● **What you need to do**
Print a faithful copy of the data below, word for word, with the pictures left out.

● **Supplied material**

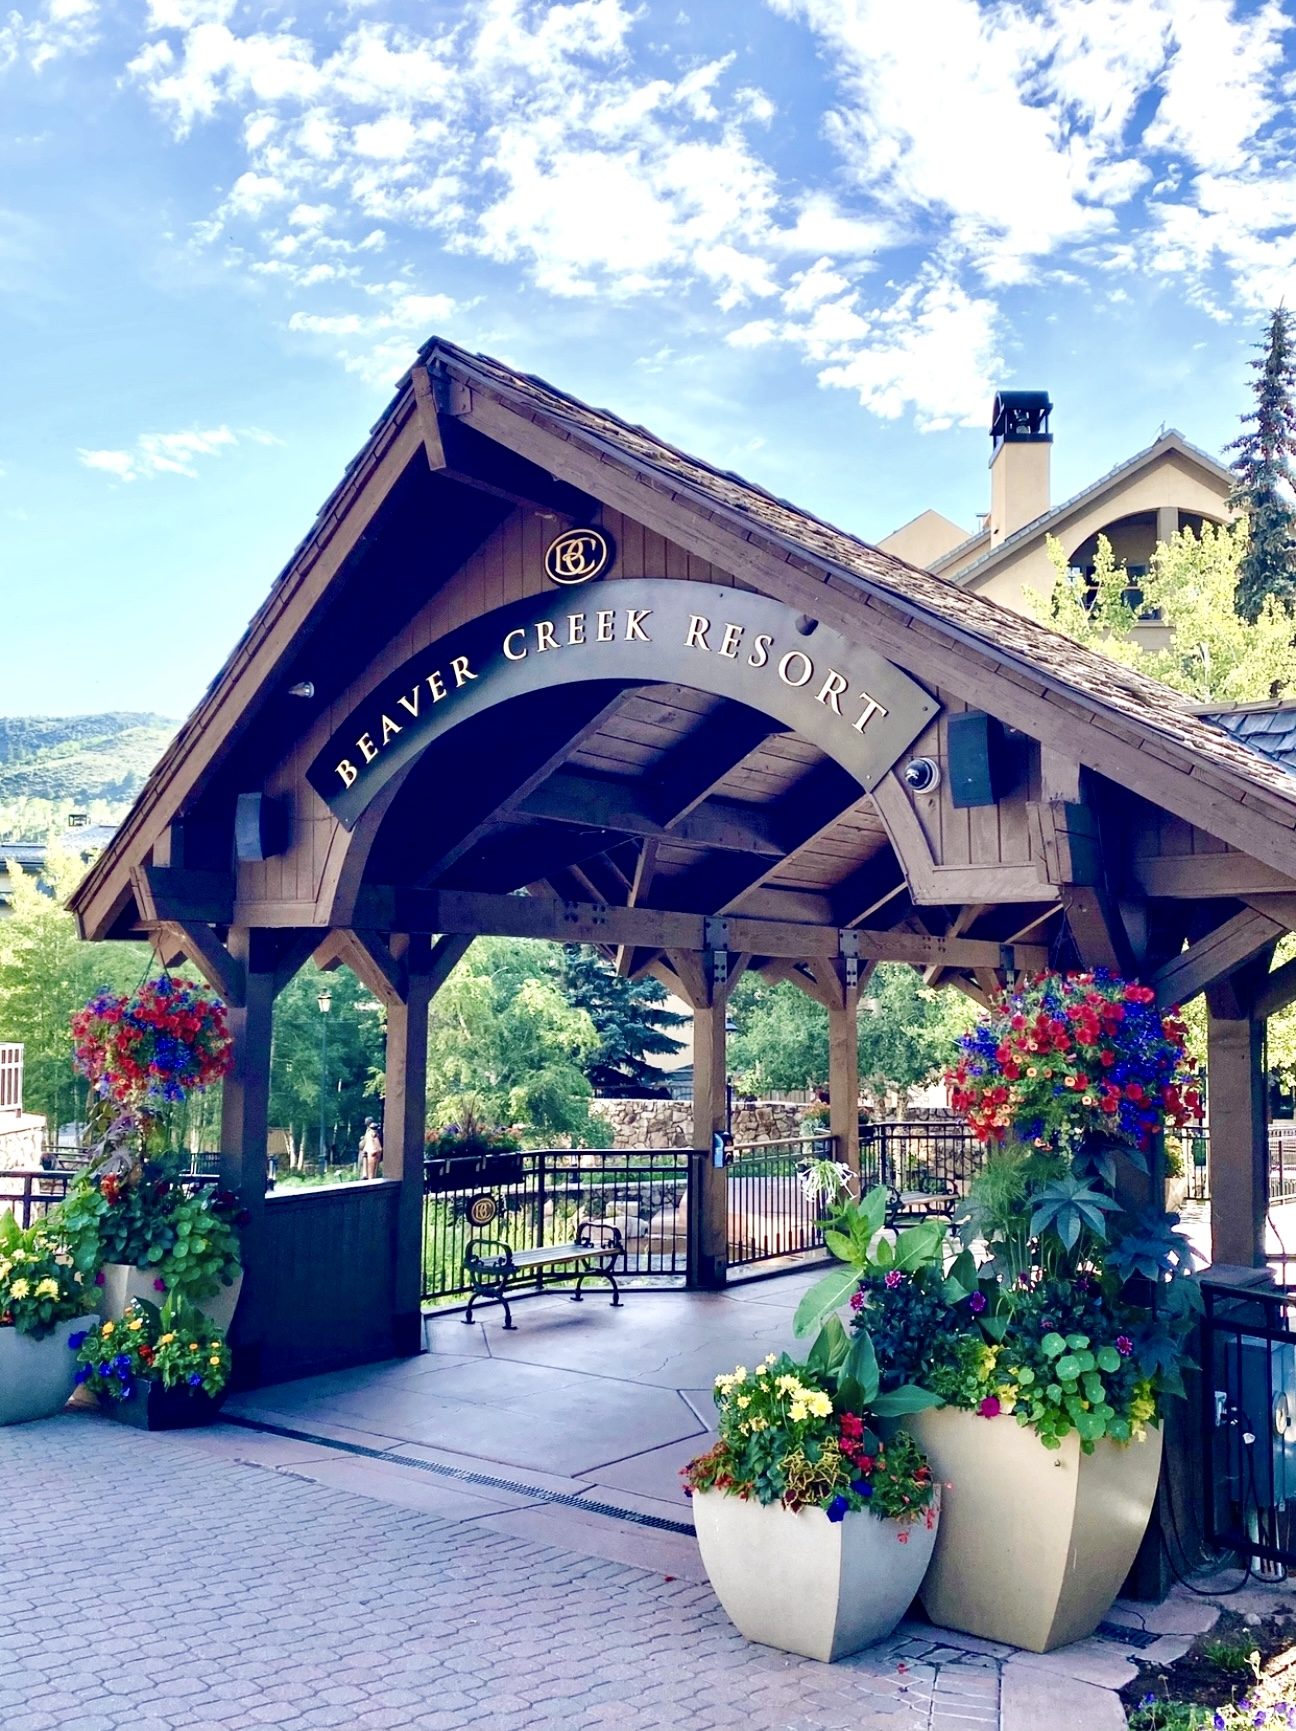 Entrance to Beaver Creek Resort in Colorado
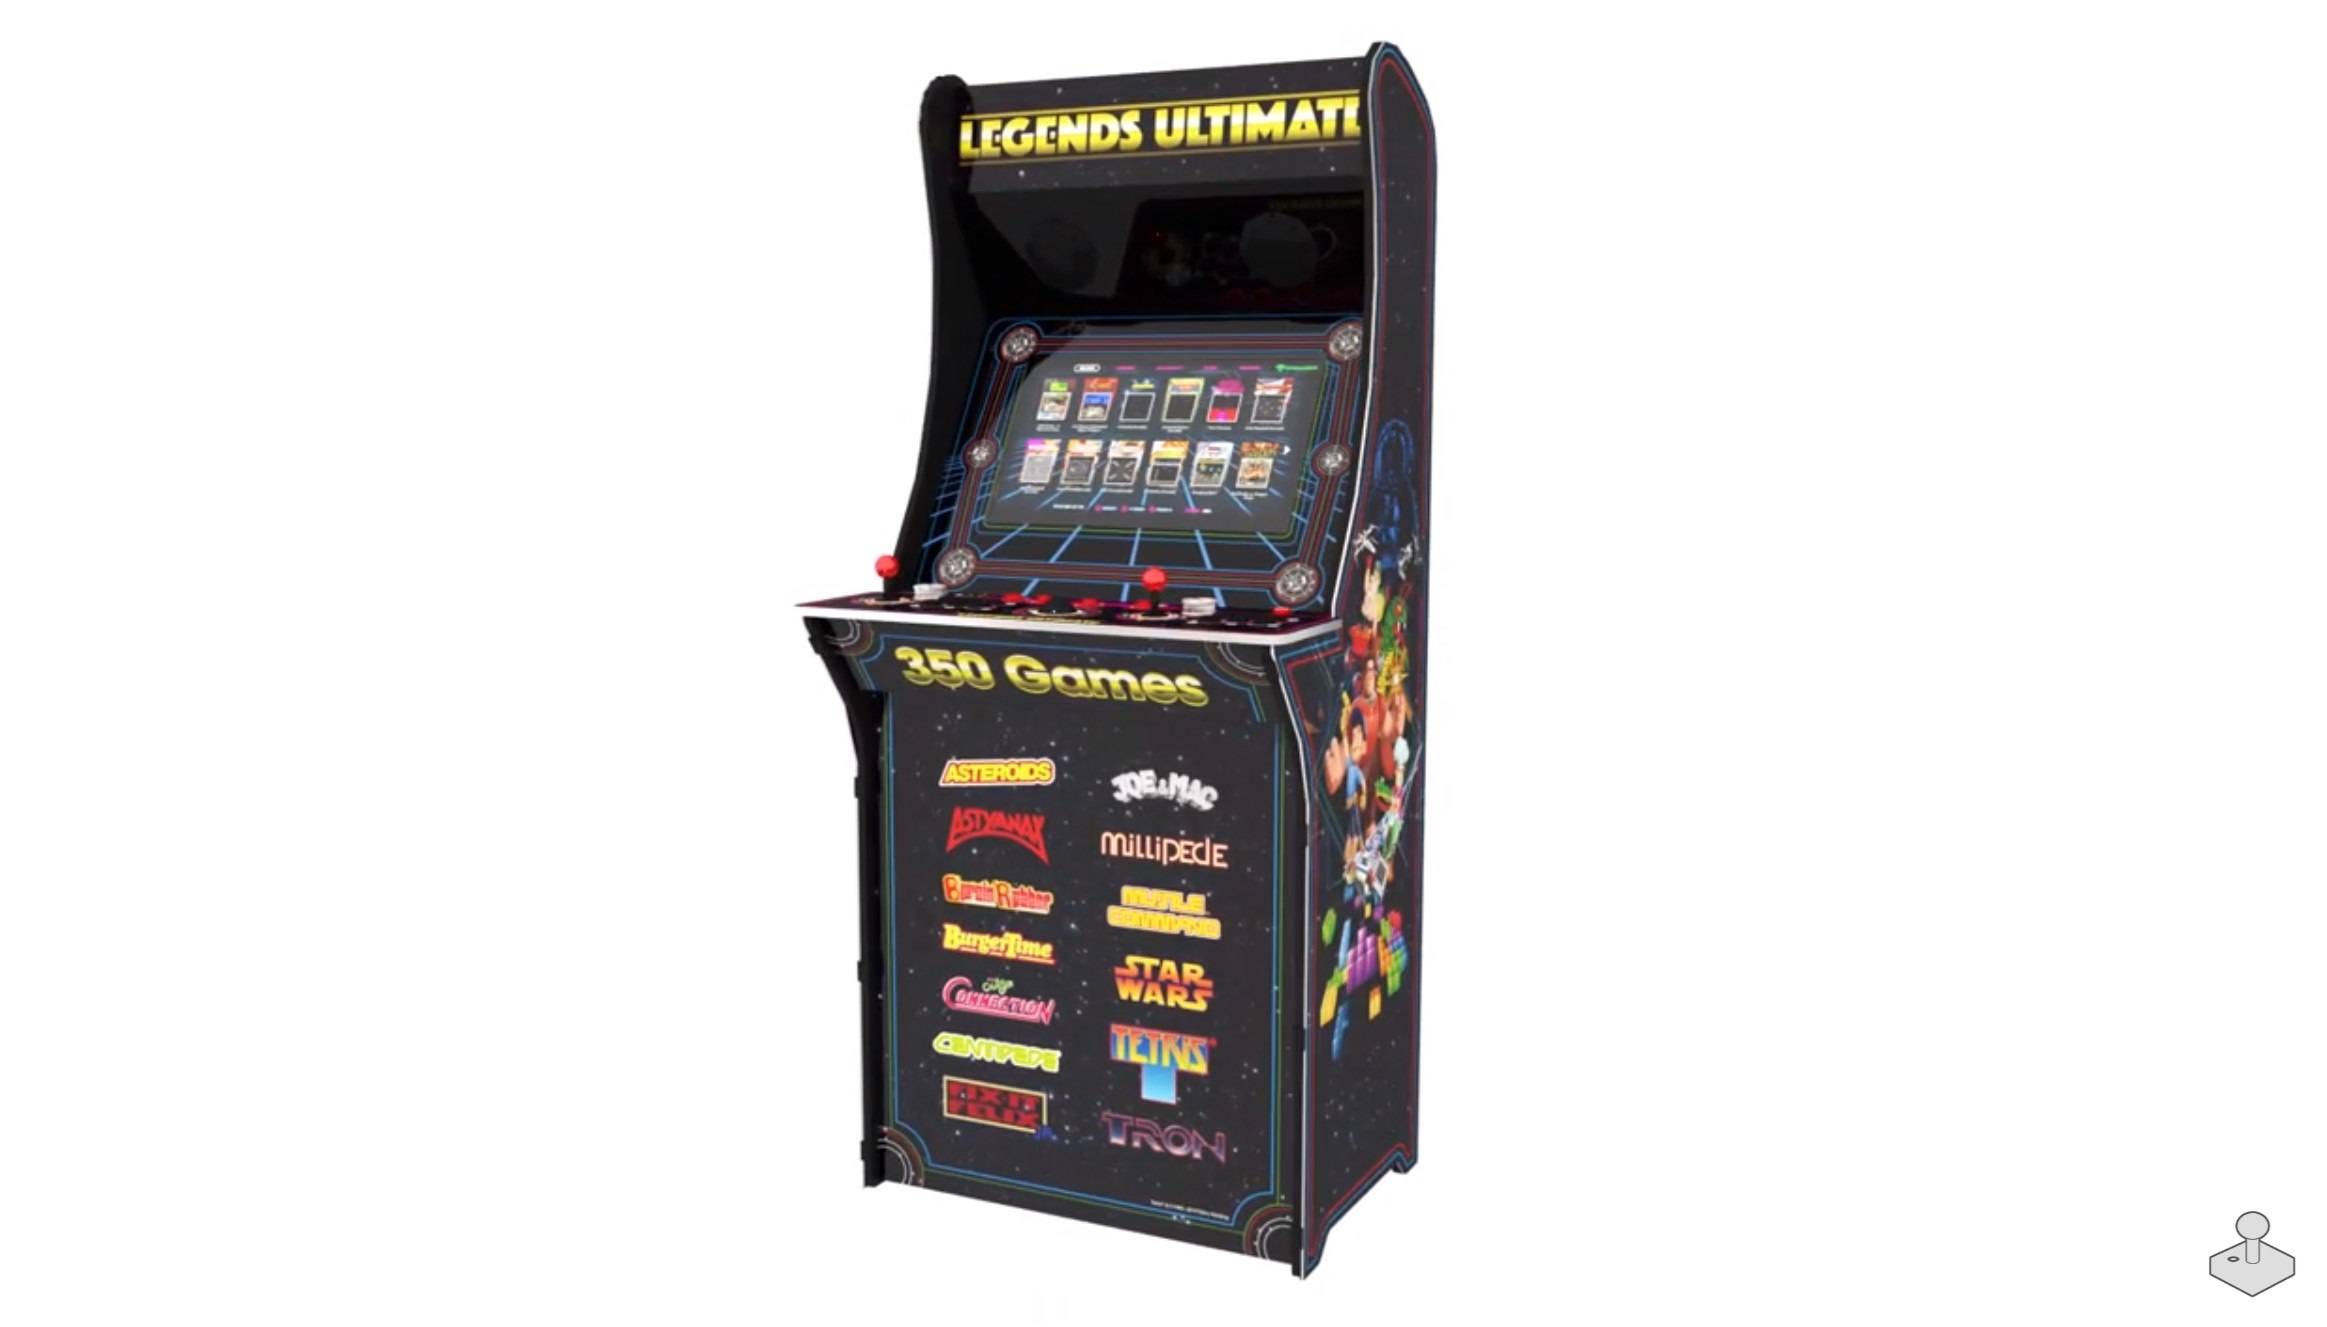 Legends Ultimate Arcade Machine 3D video
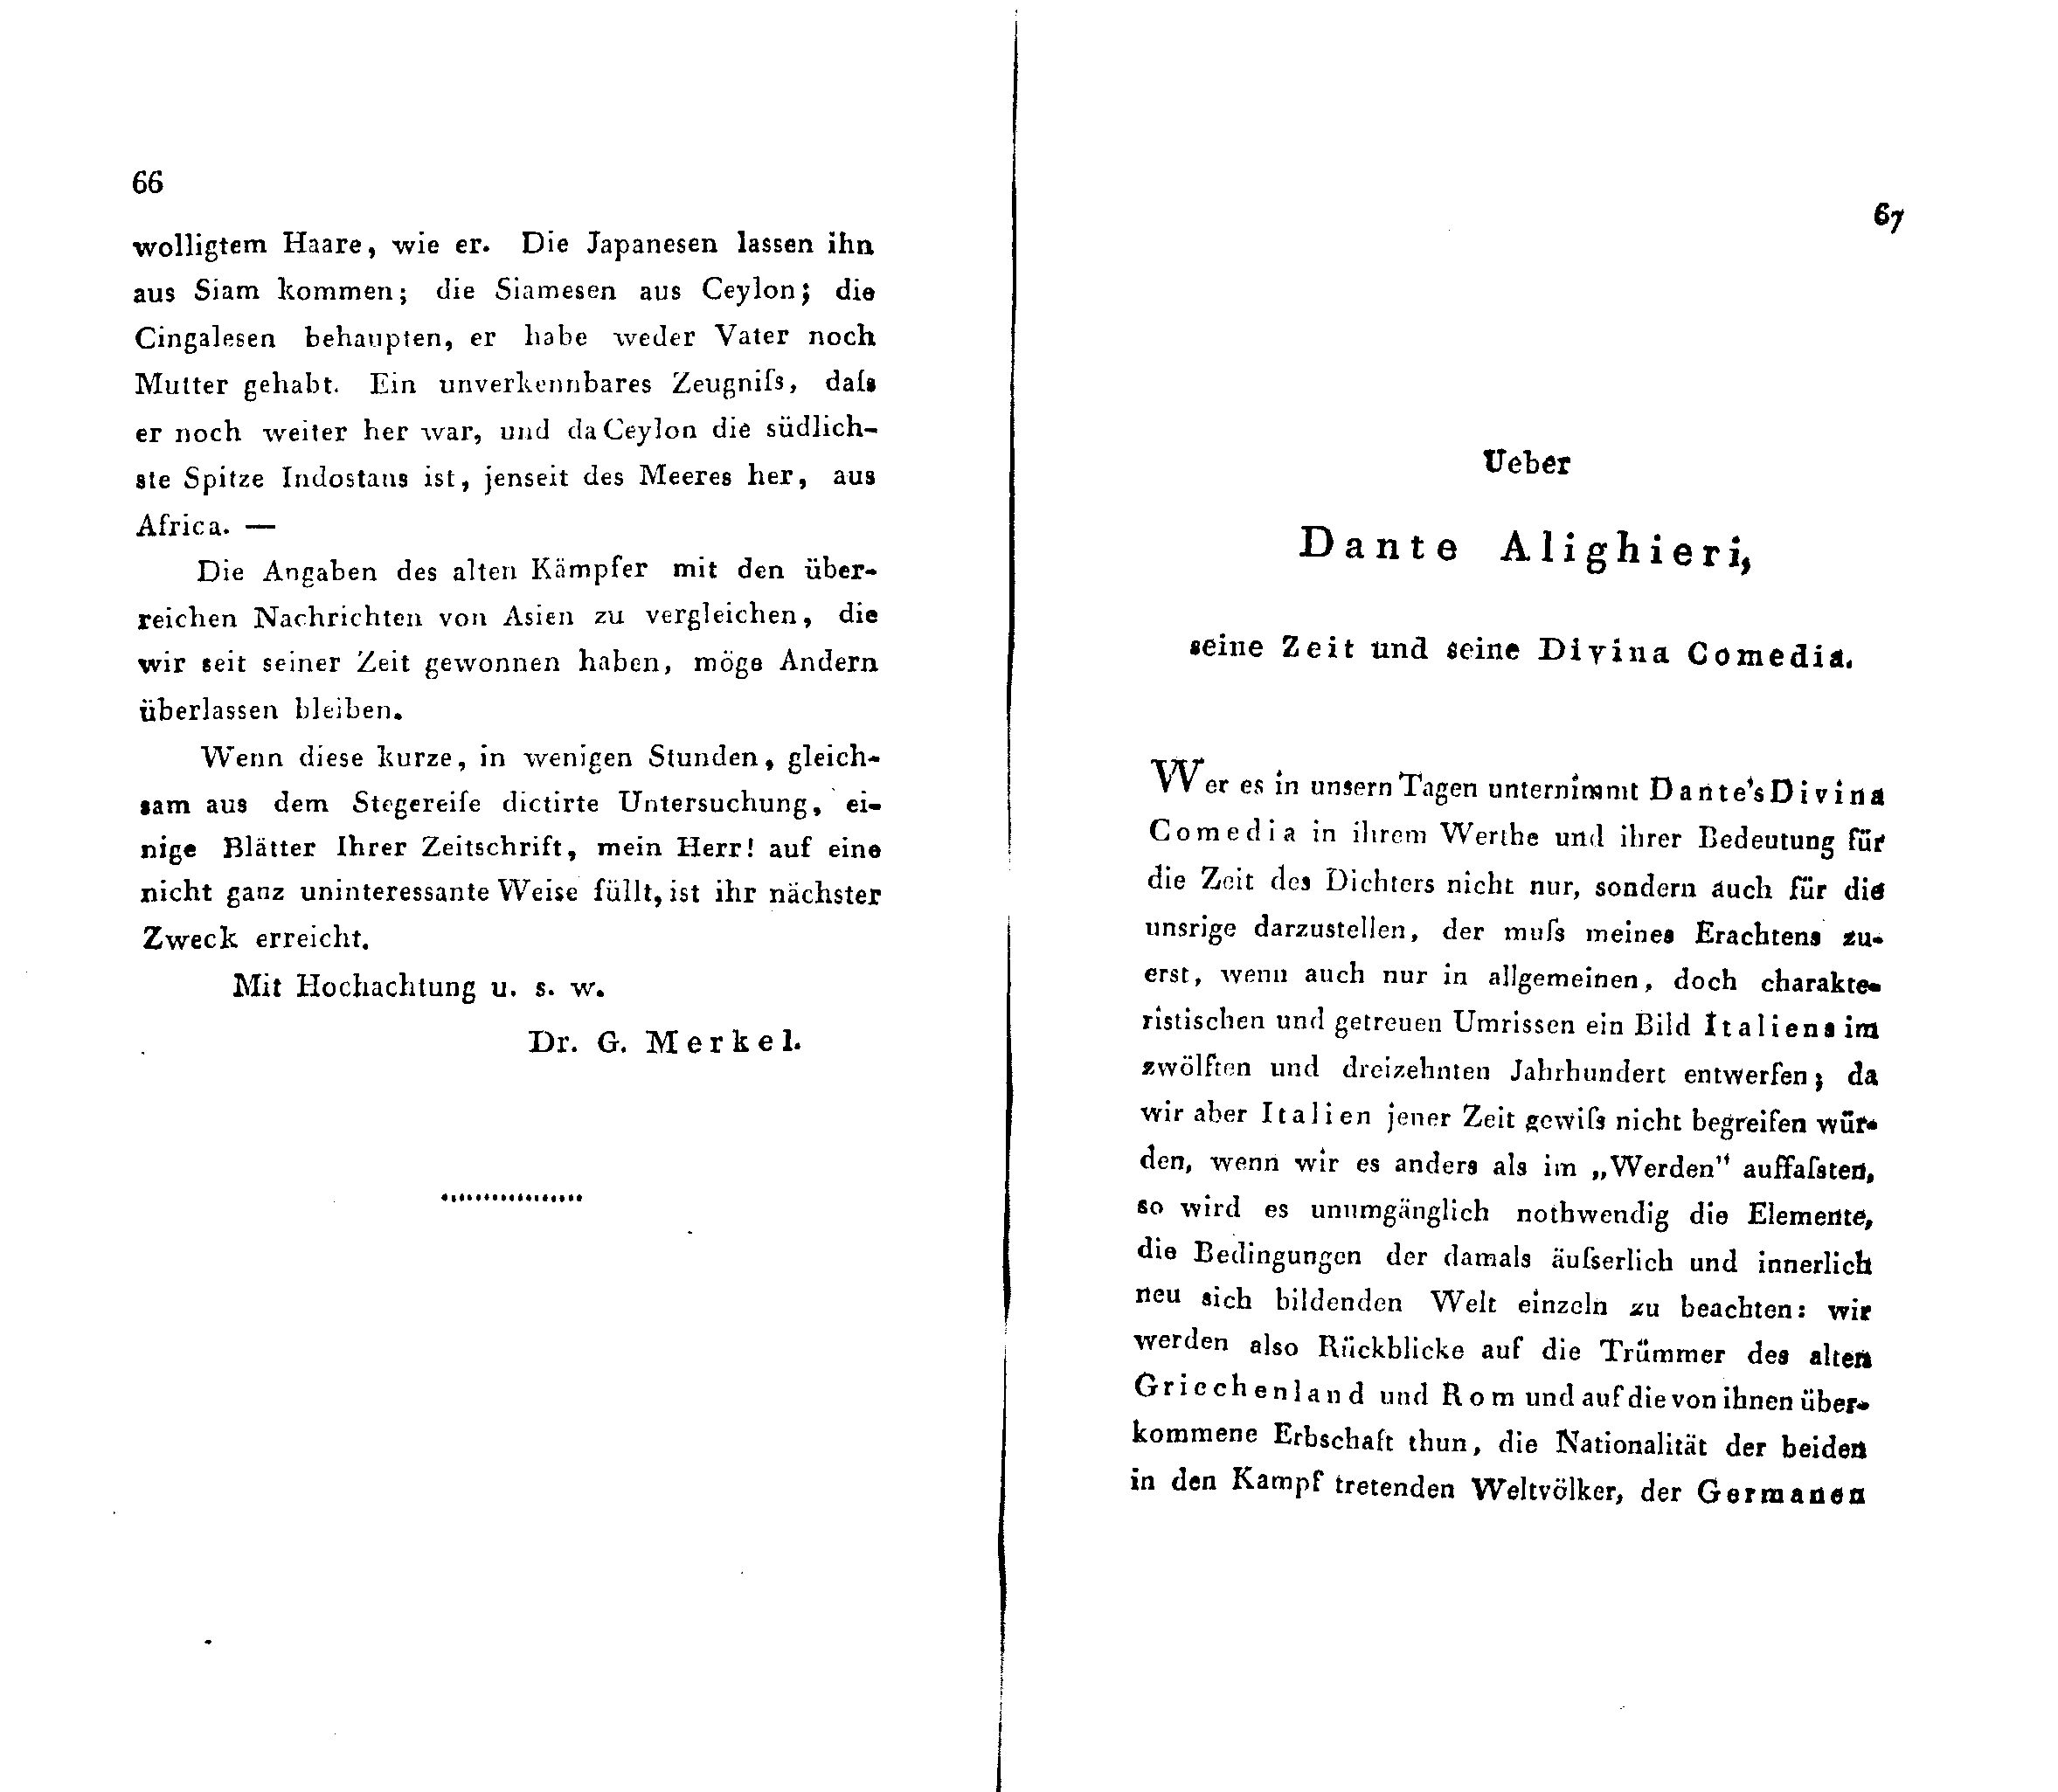 Ueber Dante Alighieri, seine Zeit und seine Divina Comedia [1] (1824) | 1. (66-67) Haupttext

● **Exercise output**
 Entrance to Beaver Creek Resort in Colorado
 Legends Ultimate Arcade Machine 3D video
 Ueber Dante Alighieri, seine Zeit und seine Divina Comedia [1] (1824) | 1. (66-67) Haupttext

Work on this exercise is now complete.